There's a Sword of Damocles hanging over most of this story because both Jake and Kit are lying to each other by omission.  Kit's reasons are fairly easy to understand.  I don't necessarily like that she doesn't come clean about little Johnny straight away, but she has her reasons - most of them wrapped up around the mother's wishes and Jake's footloose track record.  Jake is one of those complicated romance heroes that runs hot and cold.  He's a good guy underneath everything, which is what Kit sees in him.  But man, there are times you want to slap him into next Tuesday.  Kit is so good, and so giving, and frankly he does her wrong (by omission - but still done wrong) in more than one instance in this story.

This is a romance, so naturally it all works out in the end and there are some really heady emotional scenes during The Black Moment that I actually felt a few tears leak out.  That said, this ain't perfect.  Kit is the sort who claims she doesn't care what people think of her, but the cruelty hurts her all the same.  She's the sort that if she were pregnant out of wedlock she wouldn't hide away for 9 months, and yet everyone in town just assumes Johnny is biologically hers. This is a plot hole the author never explains.

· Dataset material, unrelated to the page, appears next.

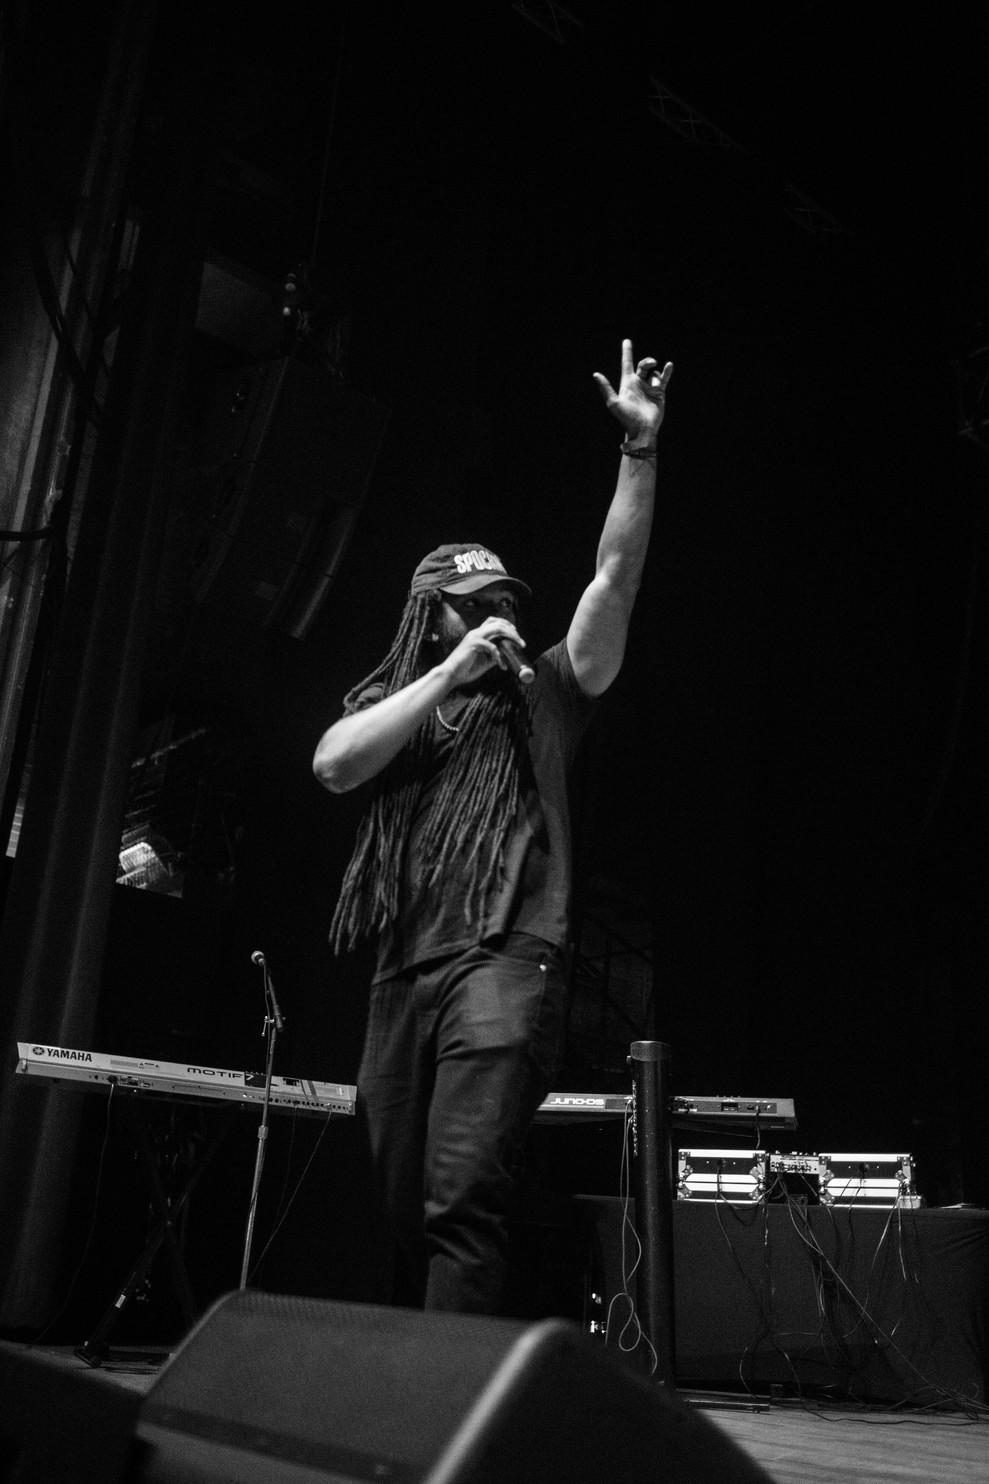 Photo recap: Opening for Redman/ Method man

The conflict hinges on several Big Secrets and in the end the fact that Kit is the author of the dime novels is dashed off as an afterthought, which is a sign (in my opinion) that there were too many elements being juggled at once.

There's also a few elements that some readers may find upsetting that I feel like need to be mentioned in a minor spoiler sort of way.  One of Kit's hired men is black, and the n-word is dropped during one scene by a villainous character who just got done beating up Kit's other hired man, who is half-Pawnee.  There's a near rape of the heroine (because of course there is - this is a 20-year-old historical after all) and over the course of the story a horse has to be put down. 

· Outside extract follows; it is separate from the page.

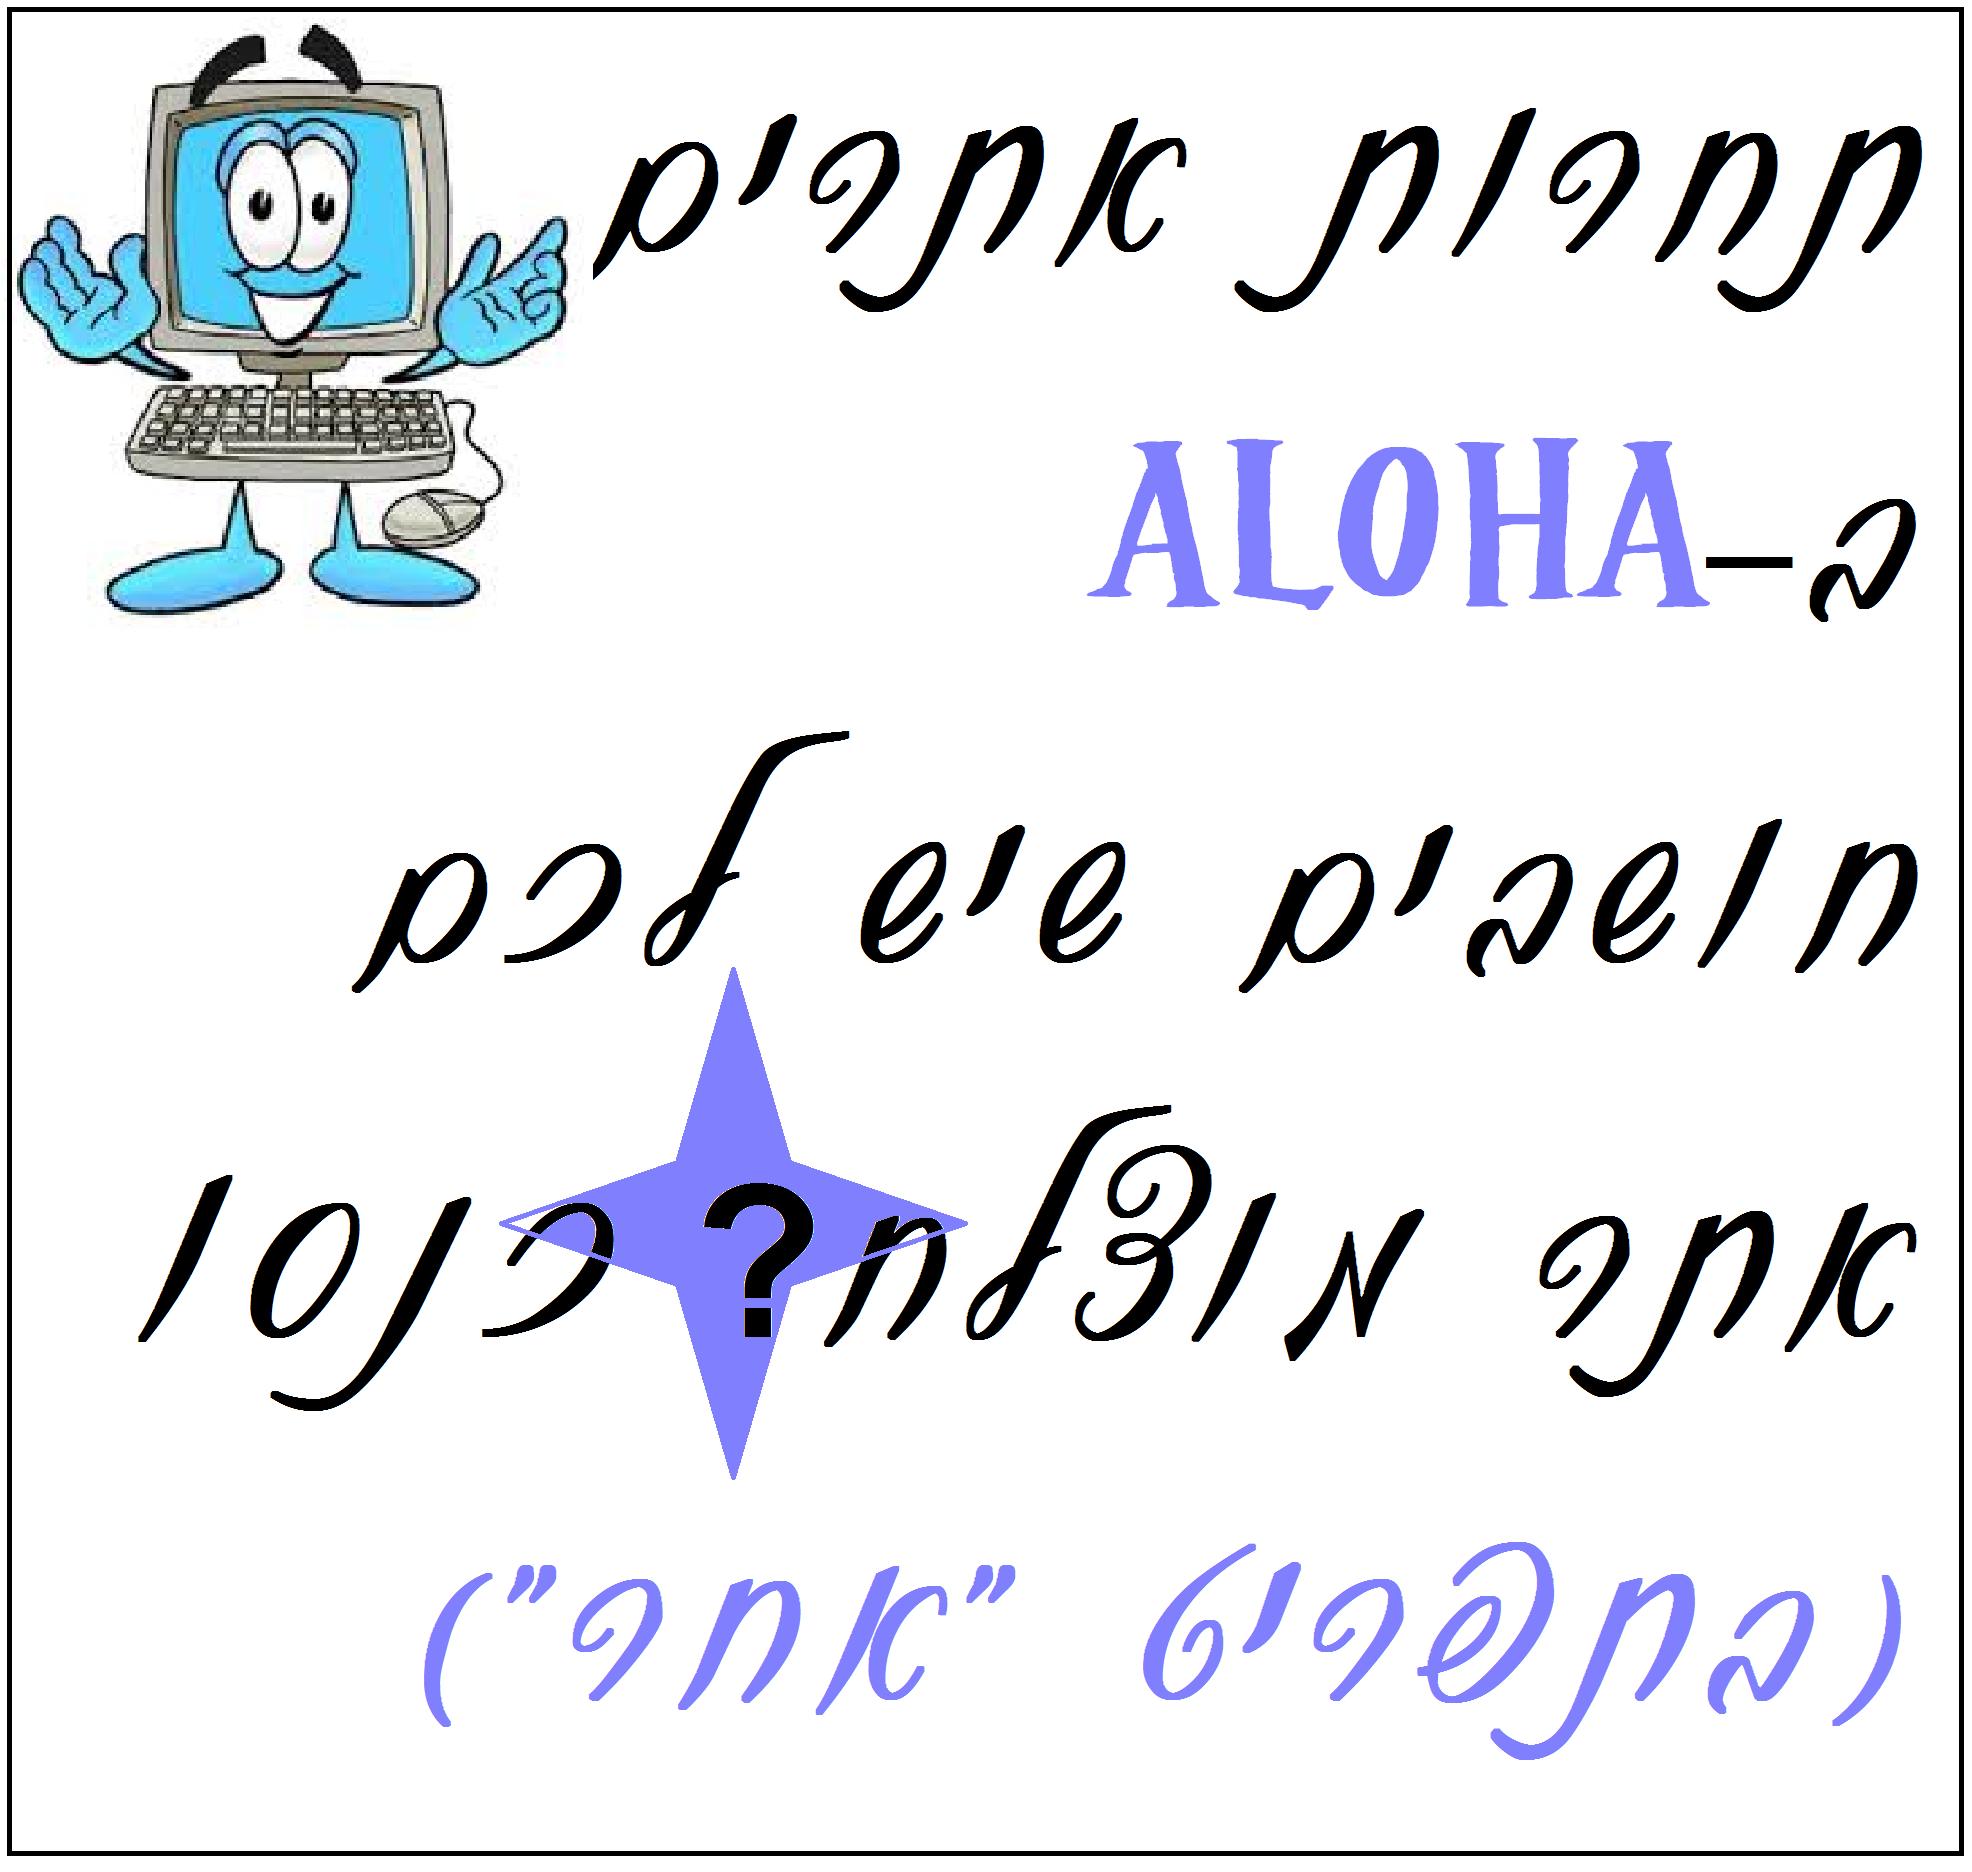 05a28aead341c15191a78f0d16ab7bf758b15de1

But in the end, even with the faults and nit-picks, I really fell right into the story.  It's well-written (nit-picks aside), I was invested in the characters, and easily kept swiping left to read the next page.  It's nowhere near my favorites by McKade, but it was a pleasant, memorable read that found me in the nick of time.  As my reading of late has showcased, I definitely could have done worse.

Final Grade = B-

2 comments:

Jill said...

Man, I didn't make the challenge in time. I hear you about reading being in the pits. I feel like I just dragged myself out of a reading pit. I'm enjoying lots of Courtney Milan,, but they're all library books. Maybe next month.

Wendy said...

Jill: Hey, take the good reading wherever you can find it!